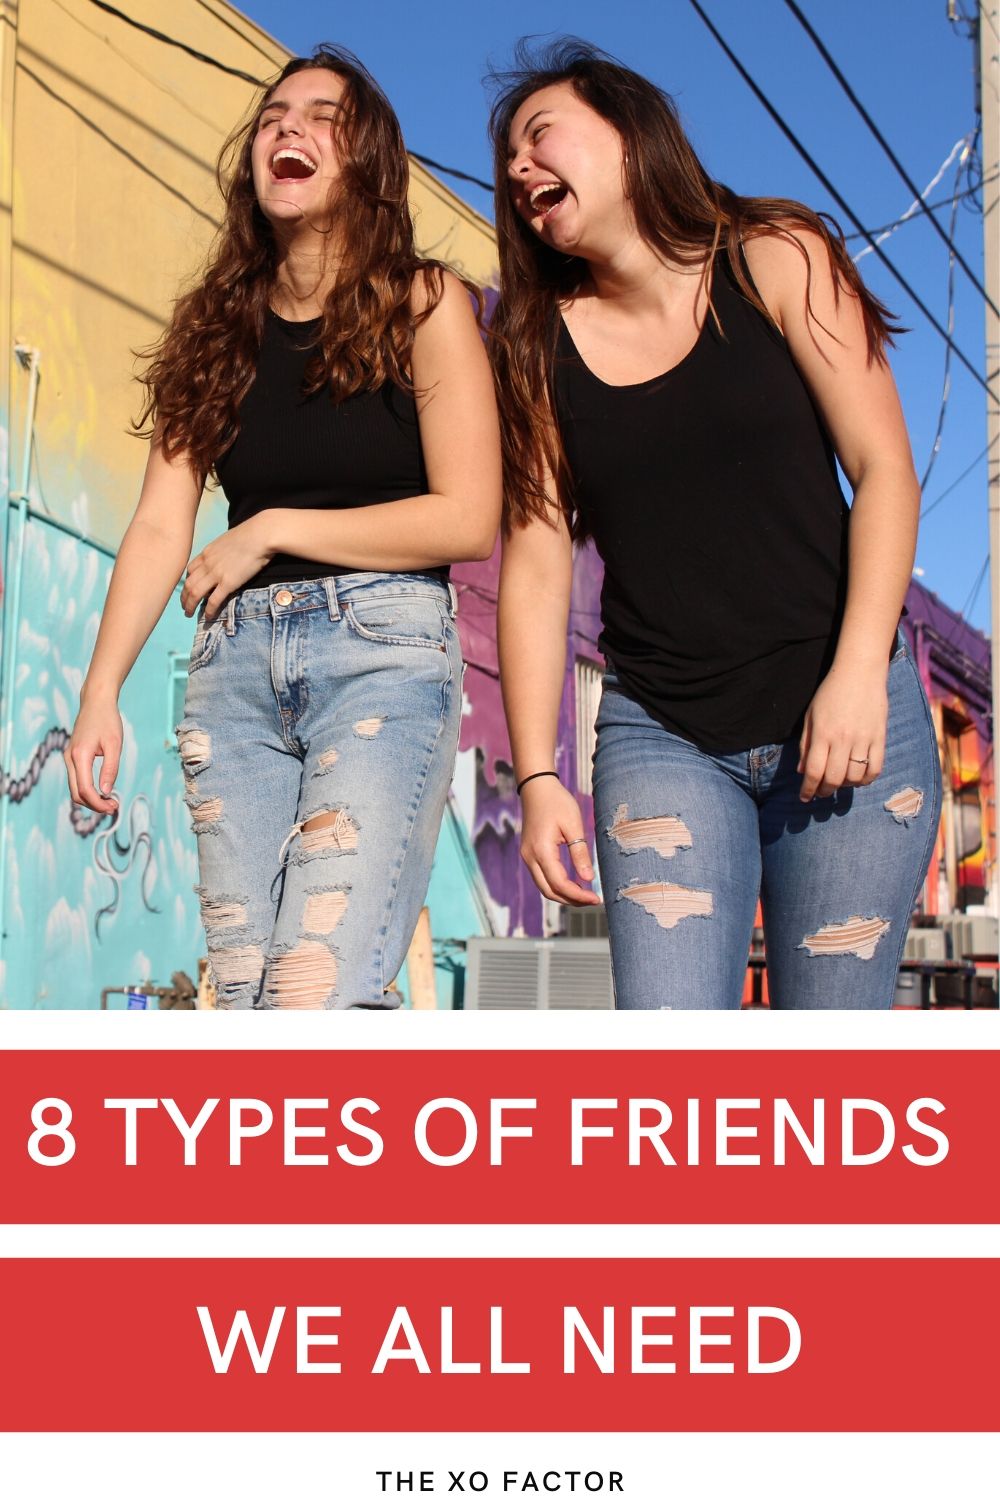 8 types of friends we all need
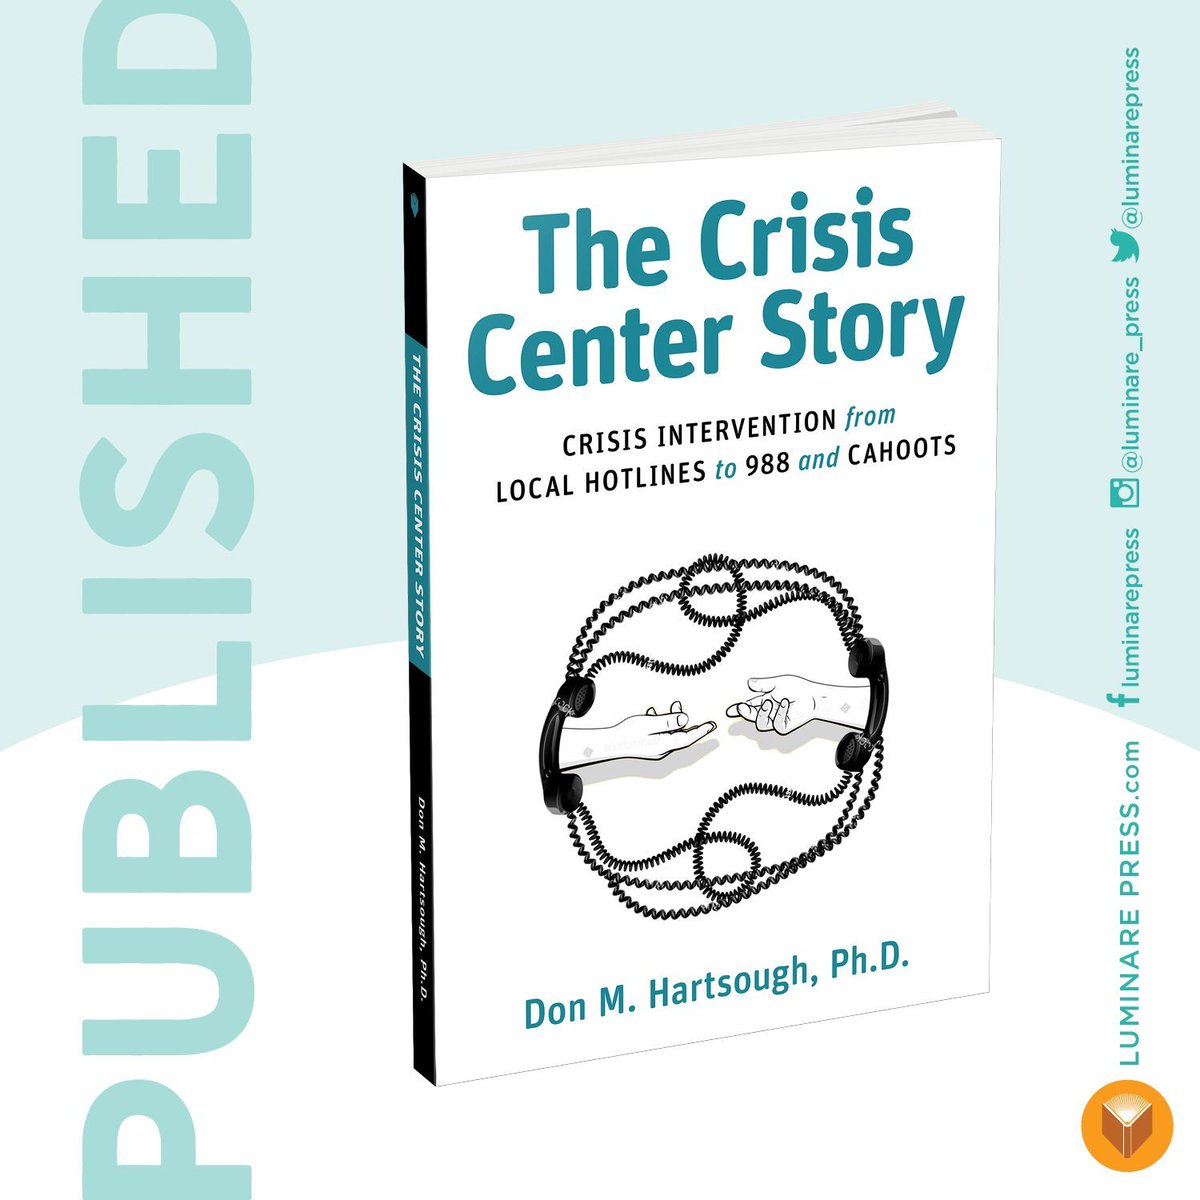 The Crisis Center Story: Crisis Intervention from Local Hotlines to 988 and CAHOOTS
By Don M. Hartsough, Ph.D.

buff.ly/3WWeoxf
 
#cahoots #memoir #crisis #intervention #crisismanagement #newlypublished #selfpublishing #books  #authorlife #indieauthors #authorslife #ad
--------
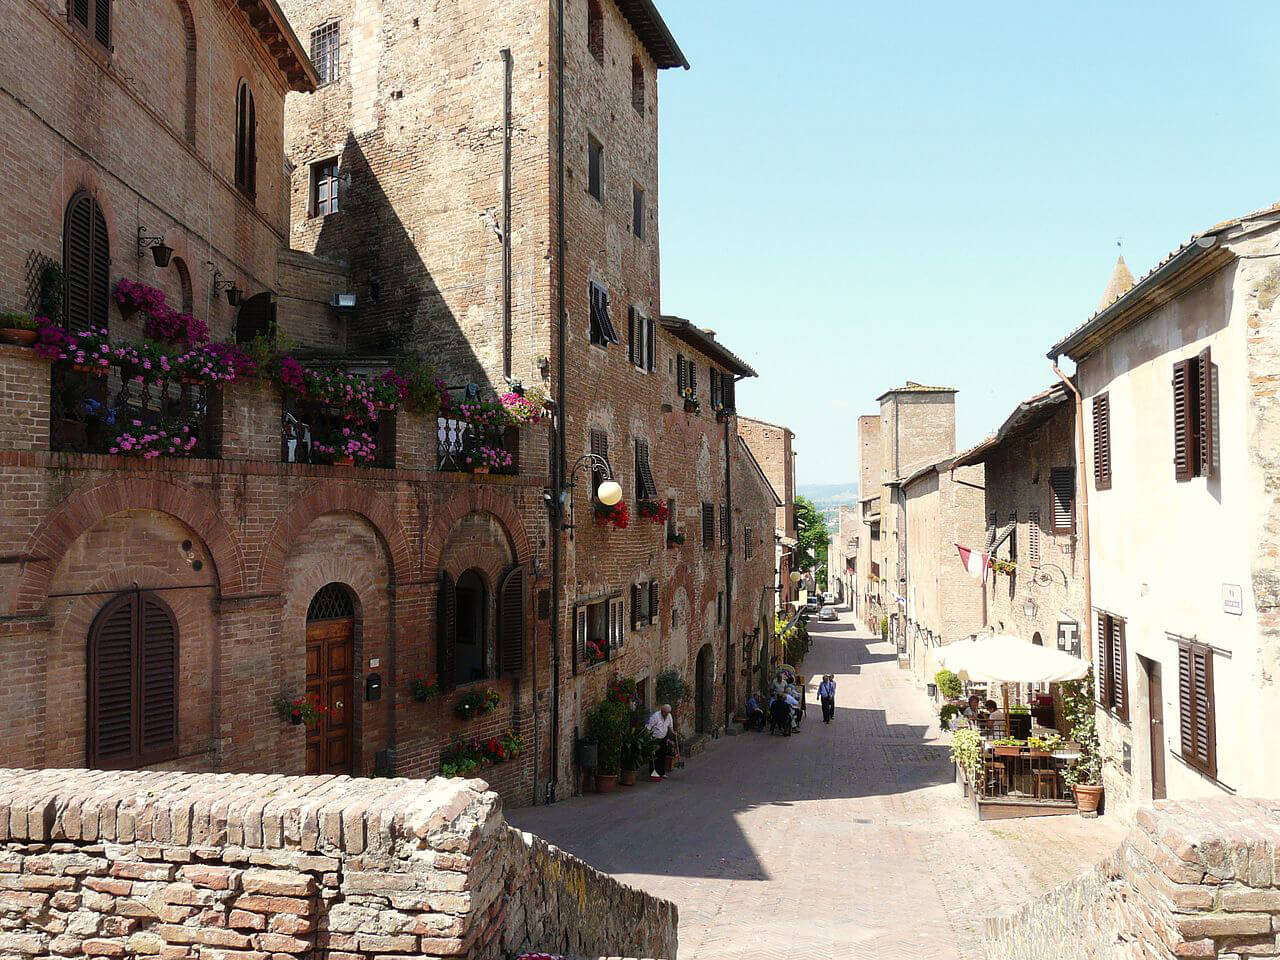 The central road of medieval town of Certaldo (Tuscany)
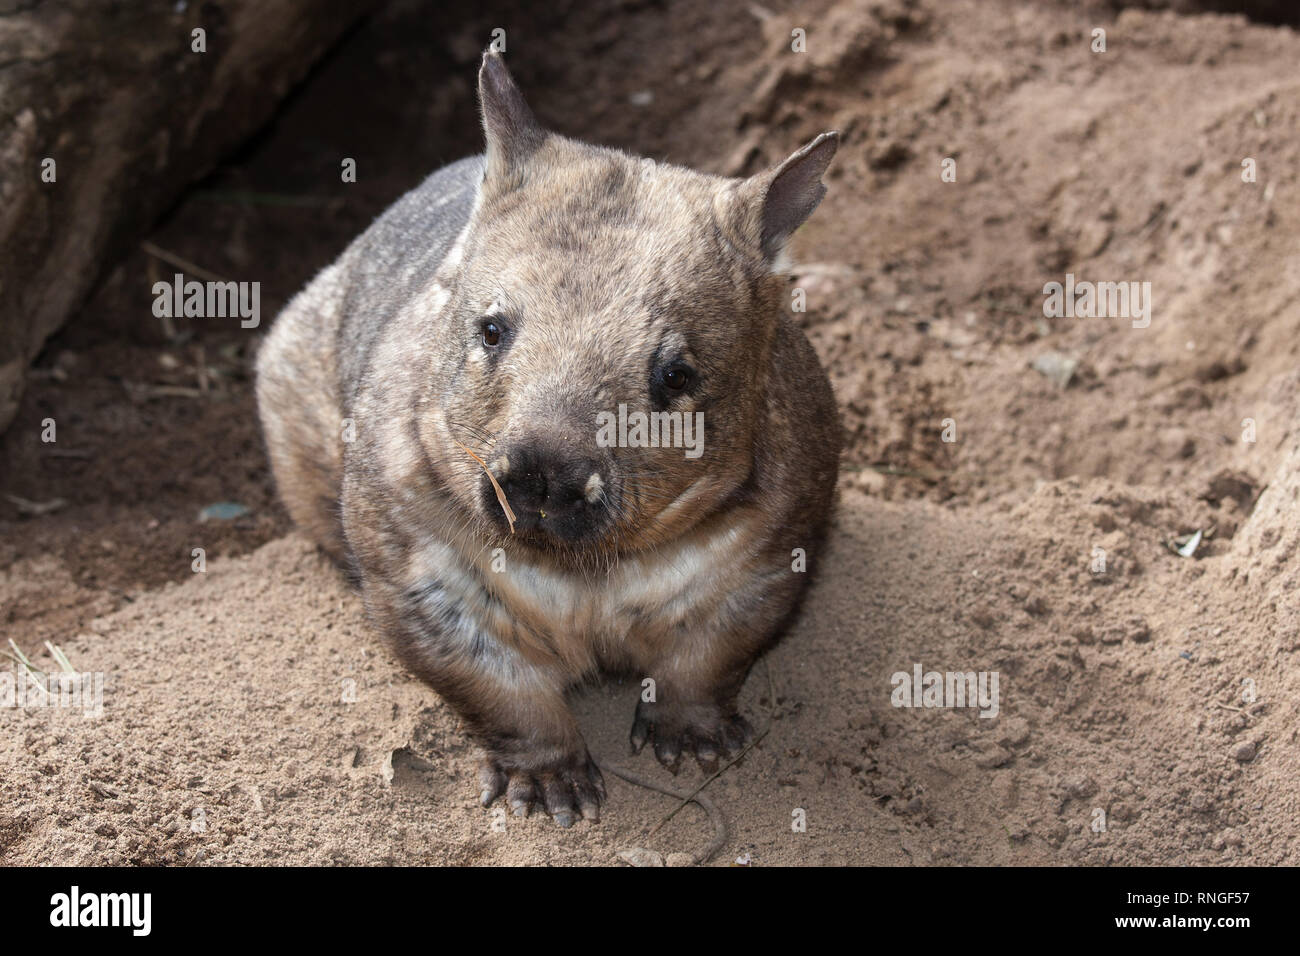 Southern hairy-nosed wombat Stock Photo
--------
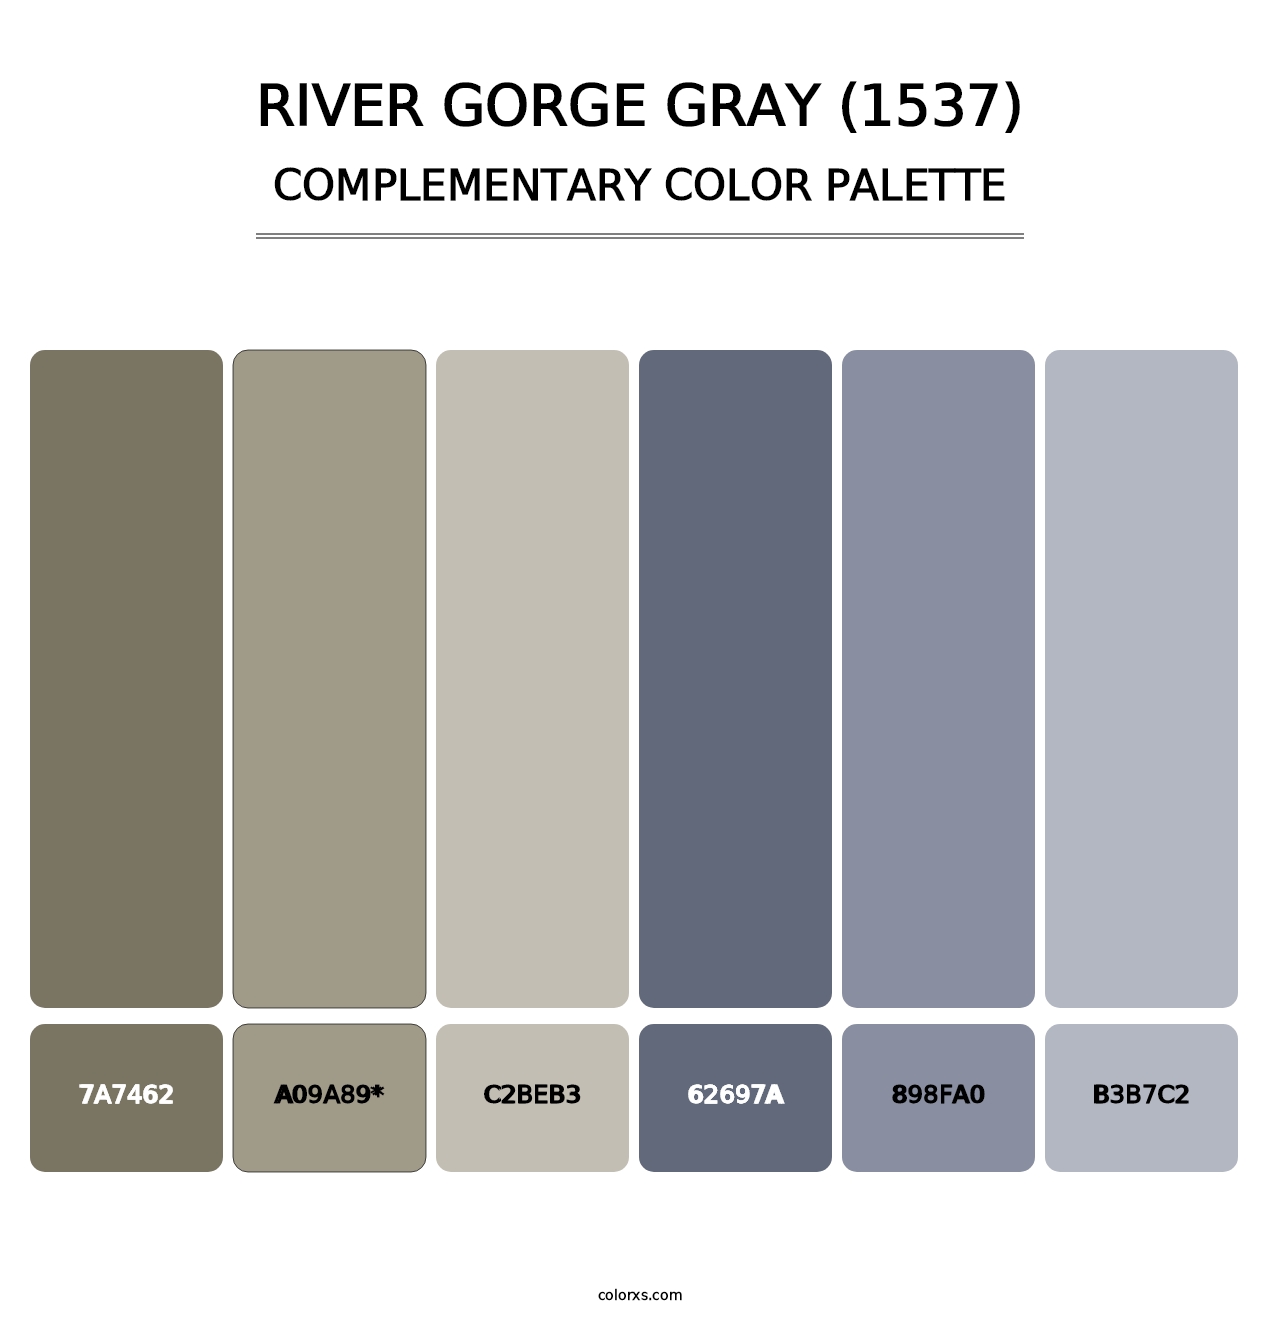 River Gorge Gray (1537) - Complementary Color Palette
--------
> What is needed
Copy word for word the lines above, starting at the line containing "The central road" and ending at the line containing "Southern hairy-nosed wombat Stock Photo", inclusive, with no pictures.

> Exercise result
 The central road of medieval town of Certaldo (Tuscany)
 Southern hairy-nosed wombat Stock Photo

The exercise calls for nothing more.